__Exercise details__
Print the data exactly. Omit the pictures.

__Source material__
* * * * *

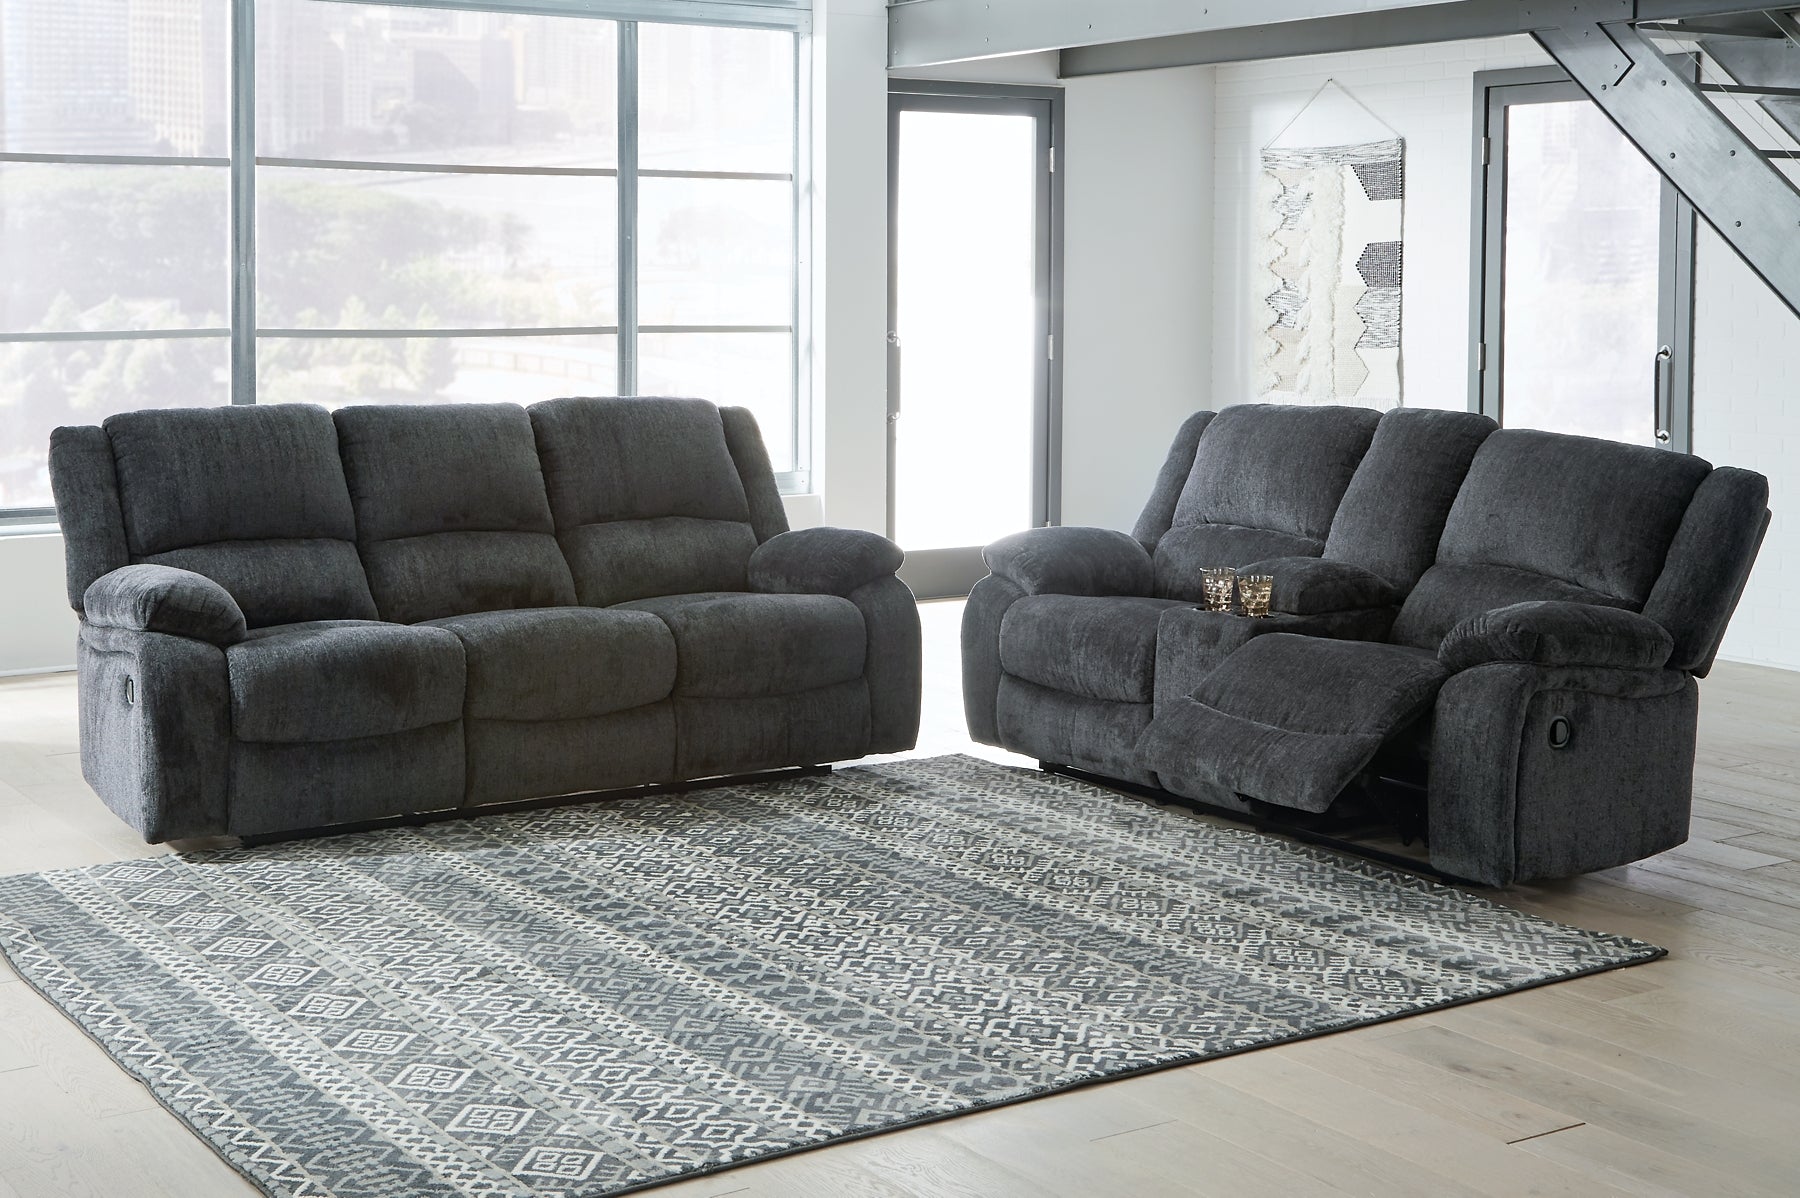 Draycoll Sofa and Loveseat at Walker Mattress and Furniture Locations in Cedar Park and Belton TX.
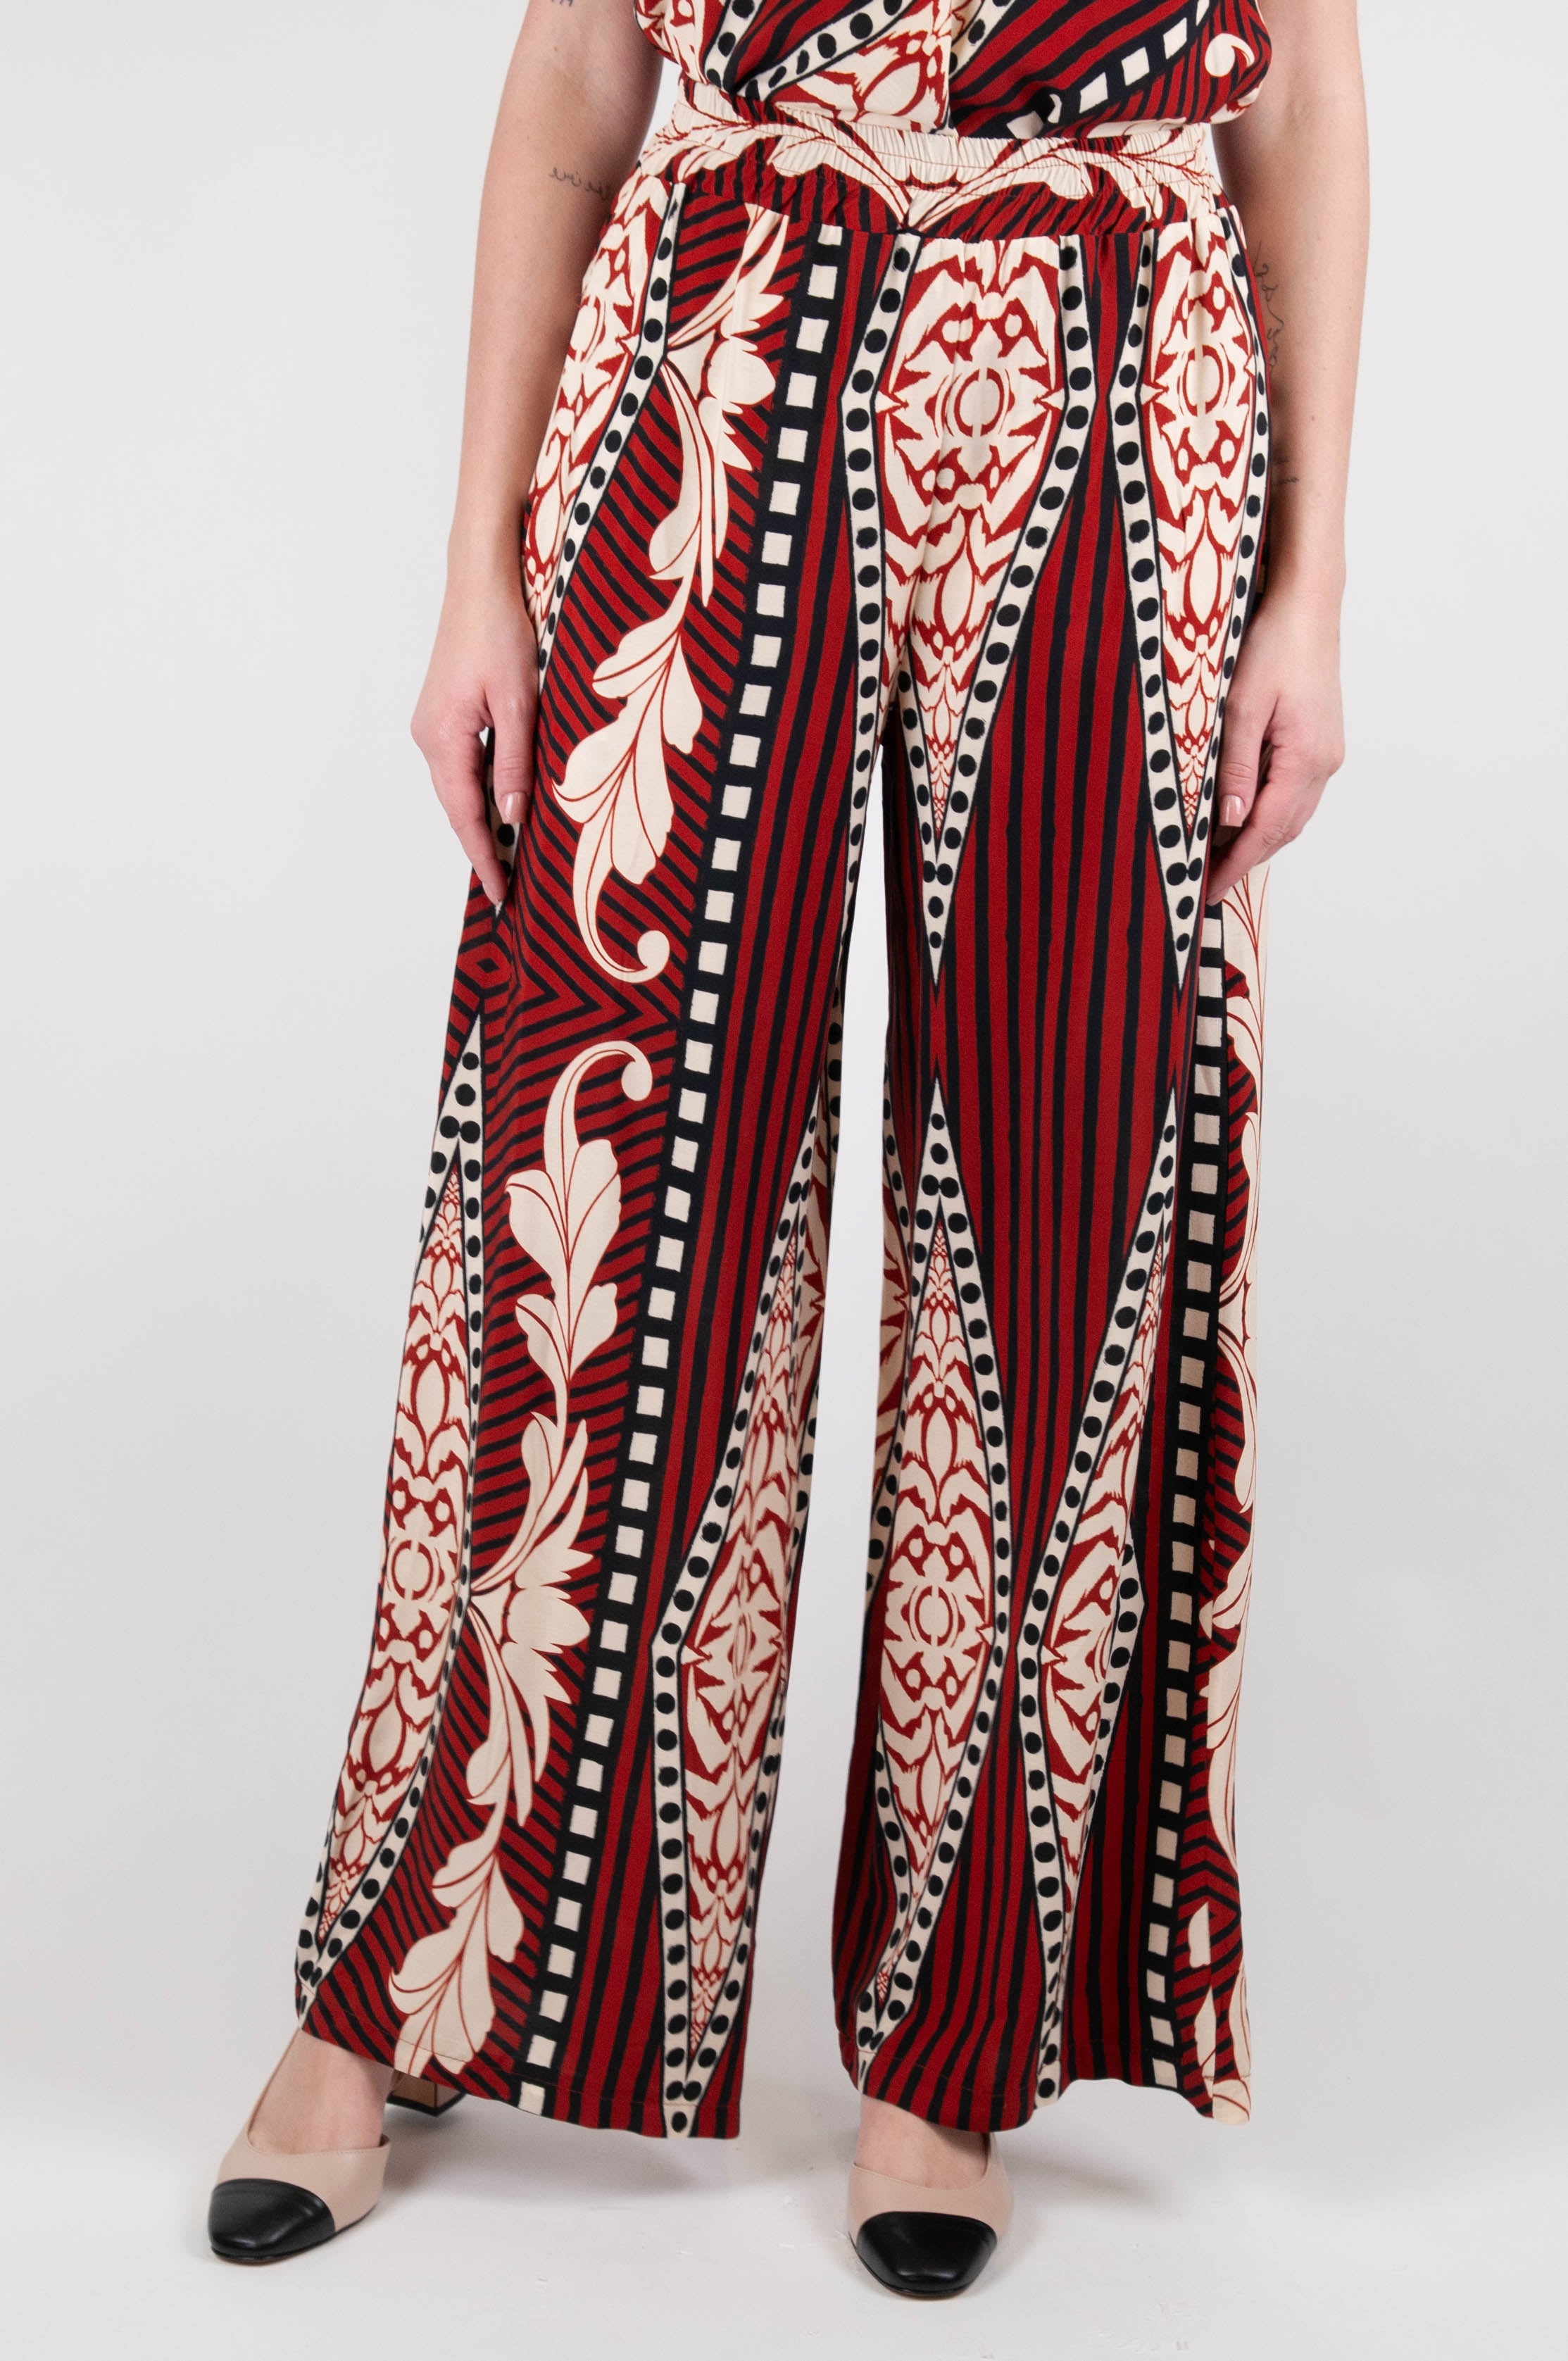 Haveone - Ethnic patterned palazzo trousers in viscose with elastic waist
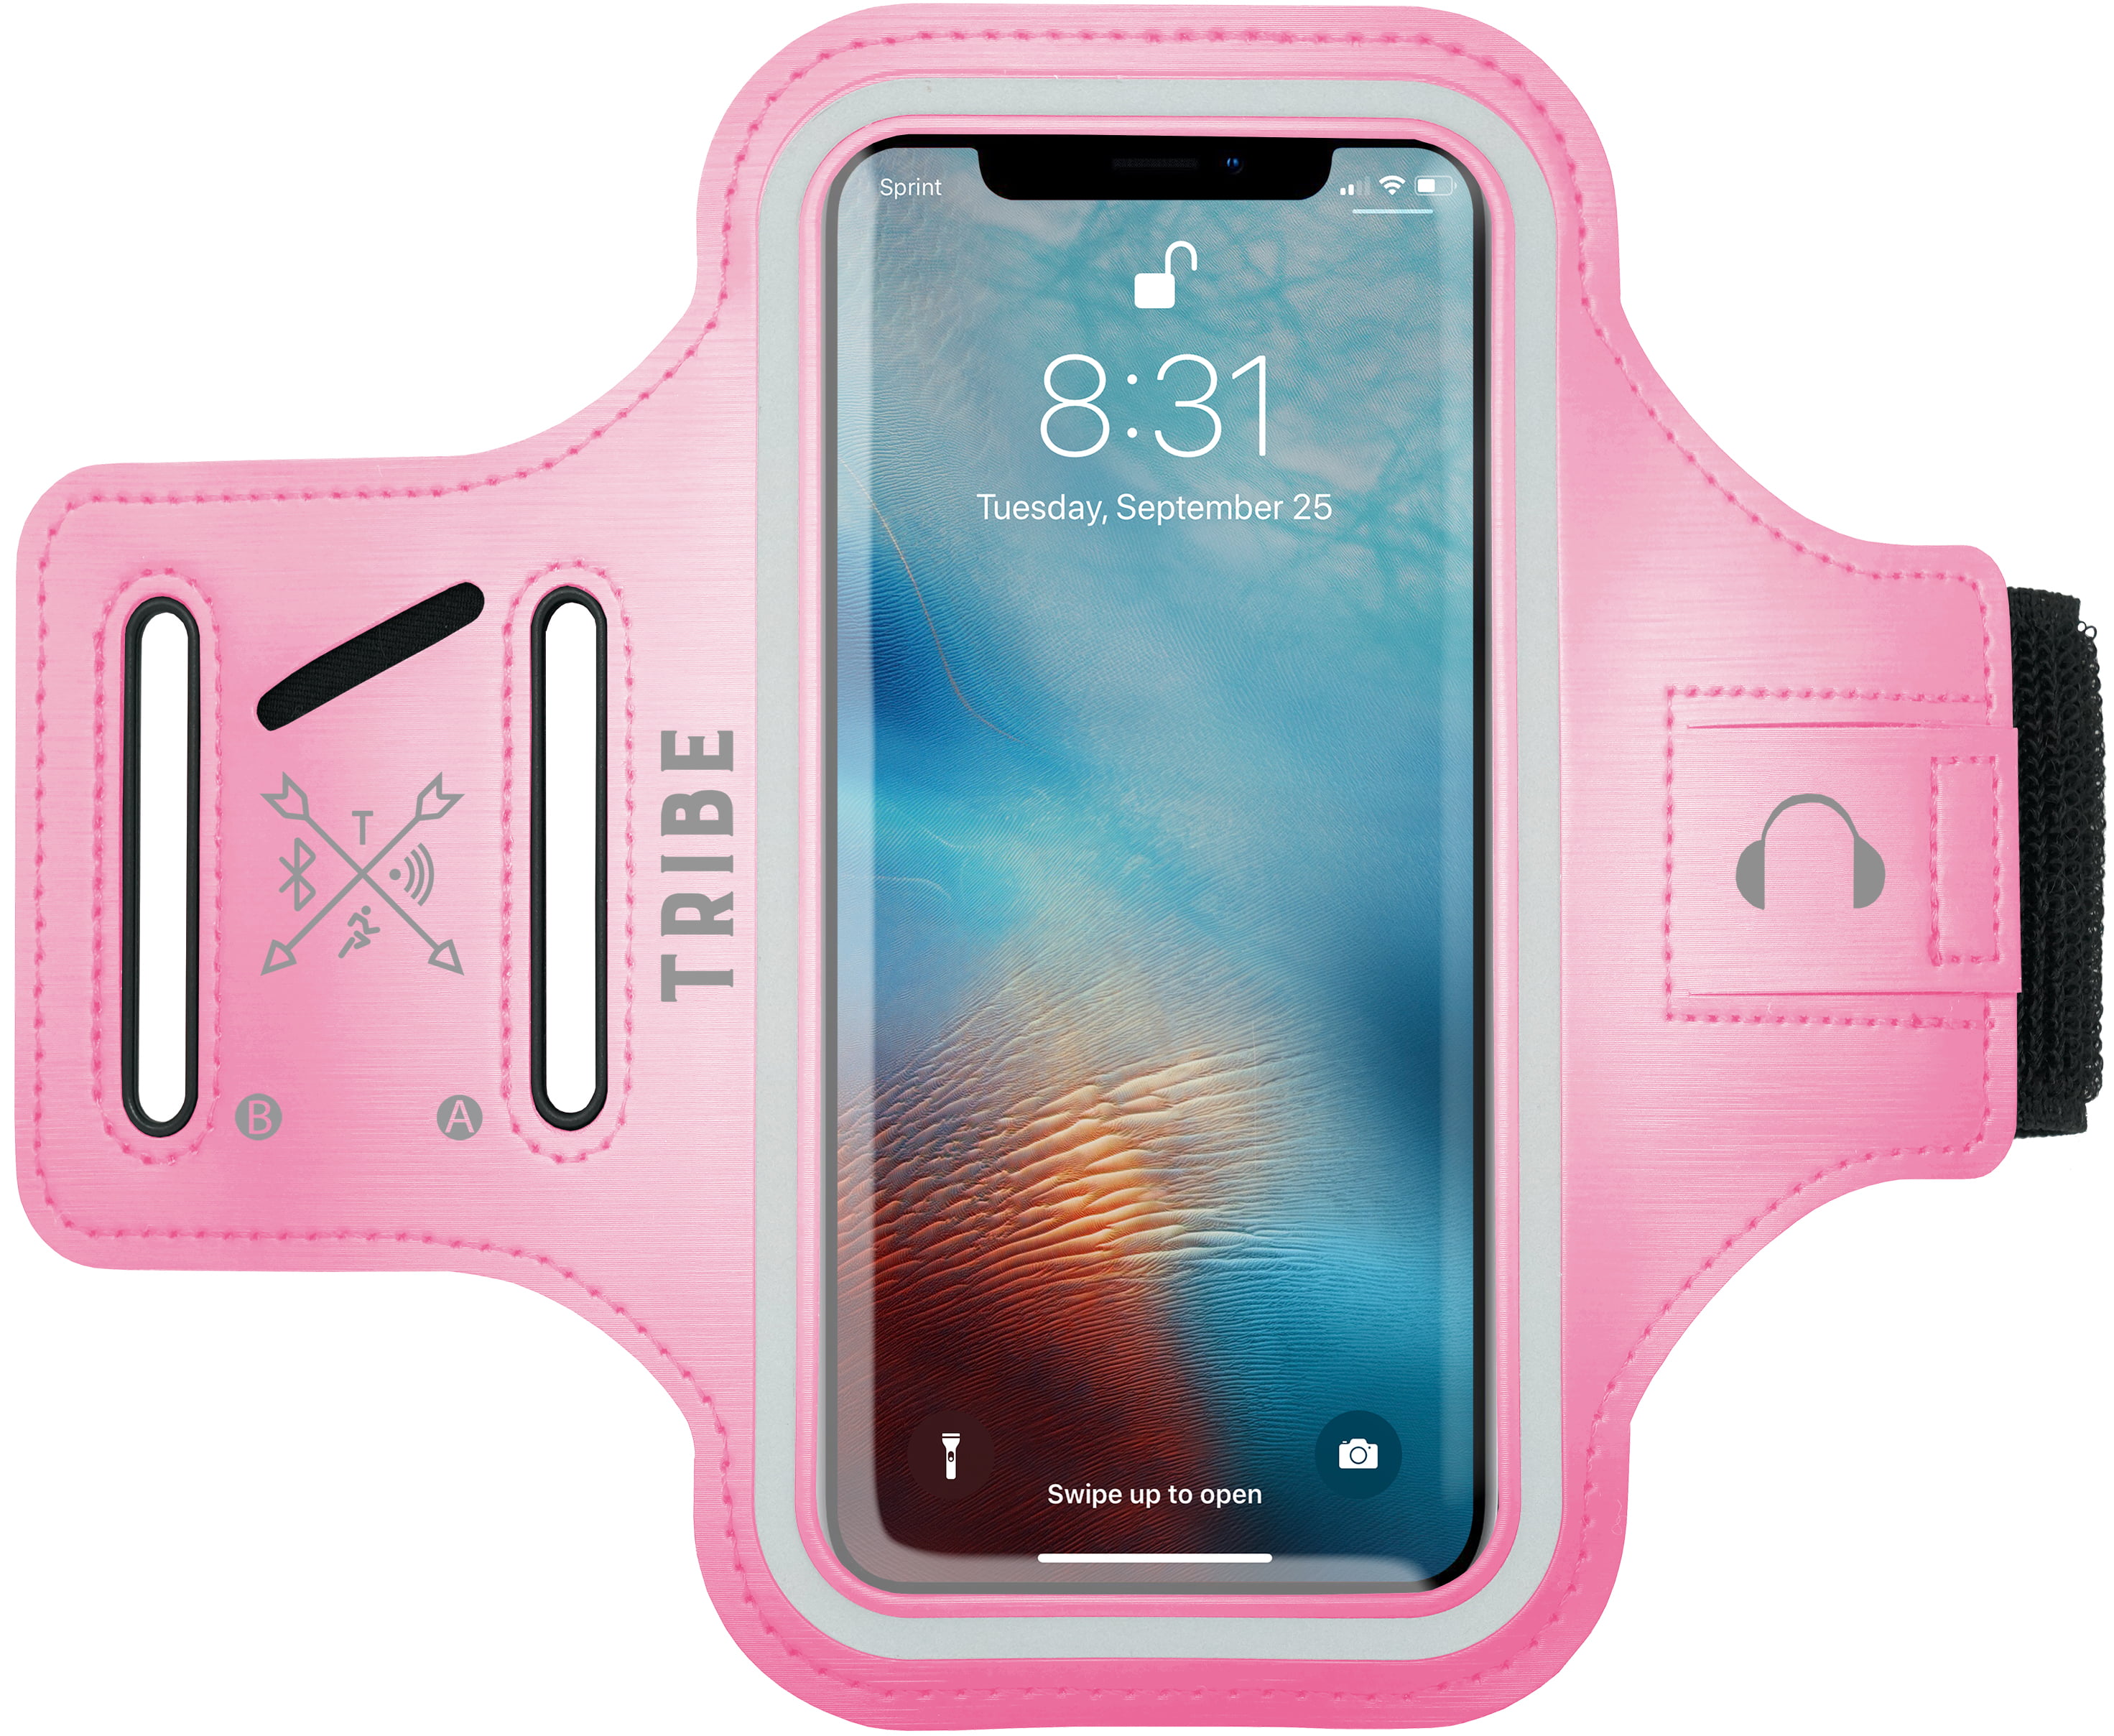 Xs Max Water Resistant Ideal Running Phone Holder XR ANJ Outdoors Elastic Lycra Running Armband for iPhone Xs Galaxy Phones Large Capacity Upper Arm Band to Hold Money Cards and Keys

* * * * *

__Solution to the exercise__
 Draycoll Sofa and Loveseat at Walker Mattress and Furniture Locations in Cedar Park and Belton TX.
 Haveone - Ethnic patterned palazzo trousers in viscose with elastic waist
 Xs Max Water Resistant Ideal Running Phone Holder XR ANJ Outdoors Elastic Lycra Running Armband for iPhone Xs Galaxy Phones Large Capacity Upper Arm Band to Hold Money Cards and Keys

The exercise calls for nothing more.